UK accounted for nearly ‘40% of European VC funding rounds in Q2 2017’
Almost 40% of VC funding rounds in Europe went into UK or Ireland-based firms in Q2 2017.
According to Pitchbook’s European Venture report, investment into the UK remained in line with historical levels, despite other regions looking to capitalise on the potential movement of startups away from London following Brexit.
The report goes on to note that the UK’s ability to attract investment remained largely unaffected by Brexit, but notes that the true impact of the vote may not have been felt yet.
“The opportunity may still yet present itself, as the full reaction to the UK leaving the EU may not be realised until the exit has been fully negotiated and agreed upon.
“A hard Brexit will have more consequences for the industry, especially if more restrictive immigration laws are enacted, as those would push foreign entrepreneurs to other VC hubs,” it adds.
Paris: One to watch
The report found that European venture capital investment decreased following the second quarter of this year, but highlights Paris as one of the continent’s burgeoning technology hubs.

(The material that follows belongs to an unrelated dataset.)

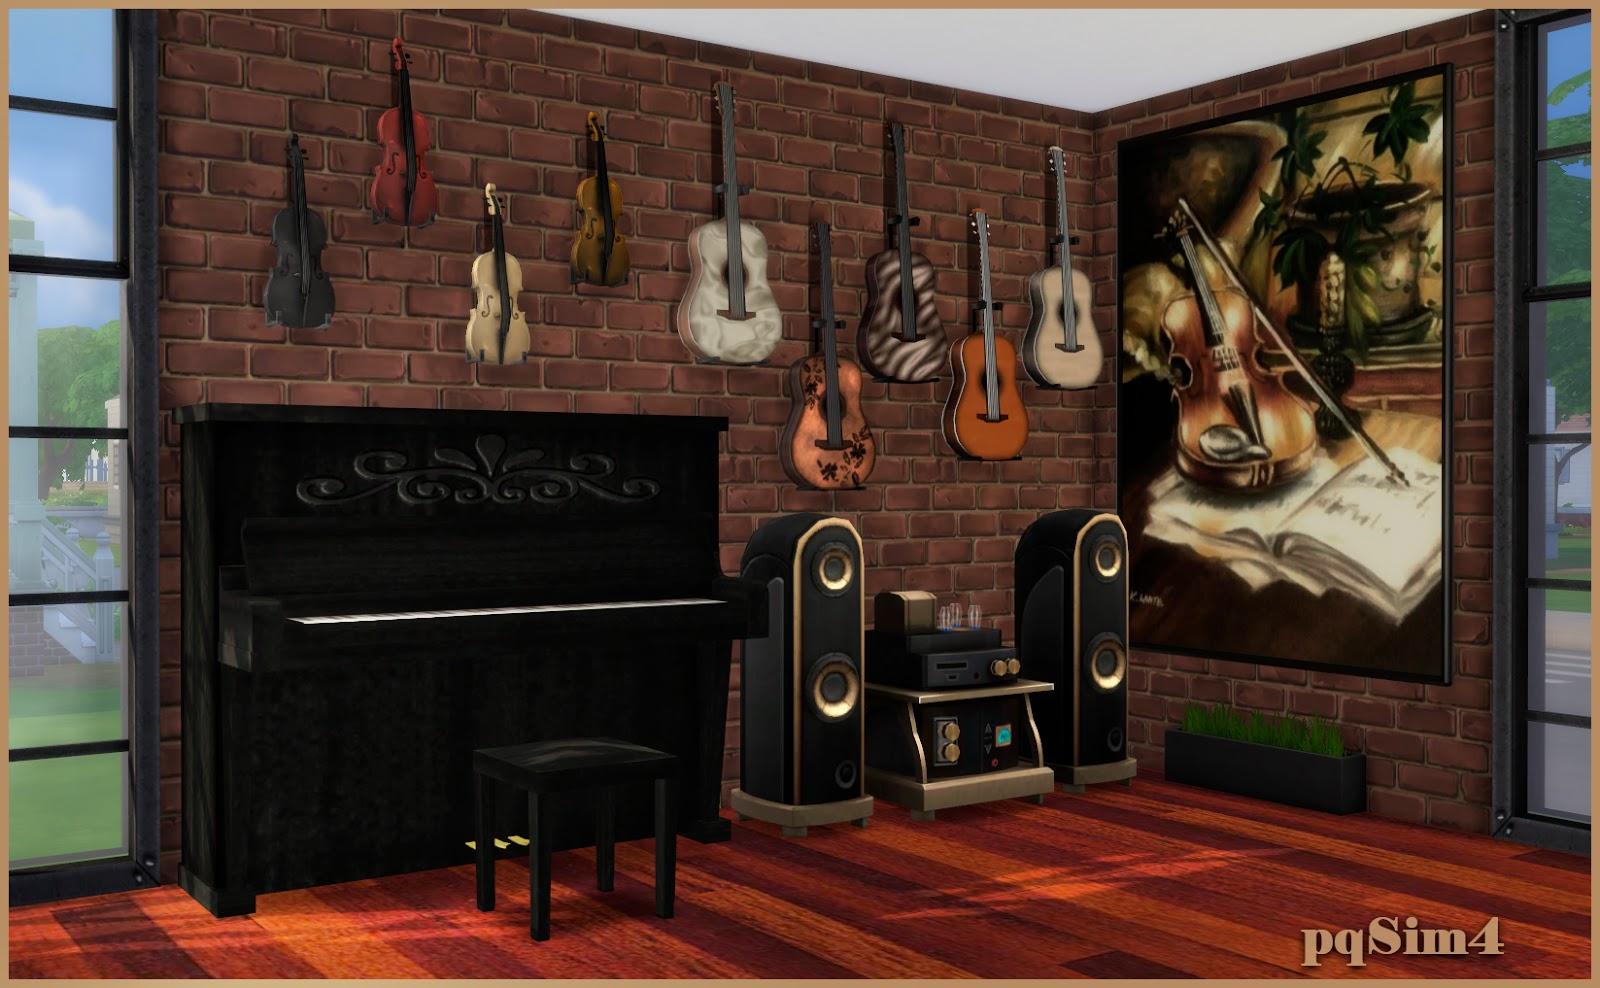 Sala de m sica cleo sims 4 custom content for Sala de estar sims 4

According to the data, Paris has seen its deal count and overall deal value increase for three consecutive years – increasing to €1.1bn invested across 247 rounds in 2016.
The French capital, it adds, may have largely flown under the radar as a VC hub in Europe, but the findings show that it received the second most VC deals of any European capital in the past three years, and is likely to increase its proportion in the coming quarters.
Despite Berlin often touted as London’s main competitor in Europe, Pitchbook’s report says that Paris’ 89 rounds this year are almost 15% higher than the German capital’s total.
As much as Brexit’s potential impact has caught the attention of many of the UK’s entrepreneurs, the report argues that Emmanuel Macron’s presidential election victory is set to boost the French venture capital scene further.
“The president is looking to boost the industry by making the country more business friendly through loosening regulations and is also looking to lower the corporate tax rate and the capital gains taxes, which could prompt more angels to get into the business of investing.
“Along with those changes, Macron has also opened the country’s arms to immigrants looking to start businesses,” it concludes.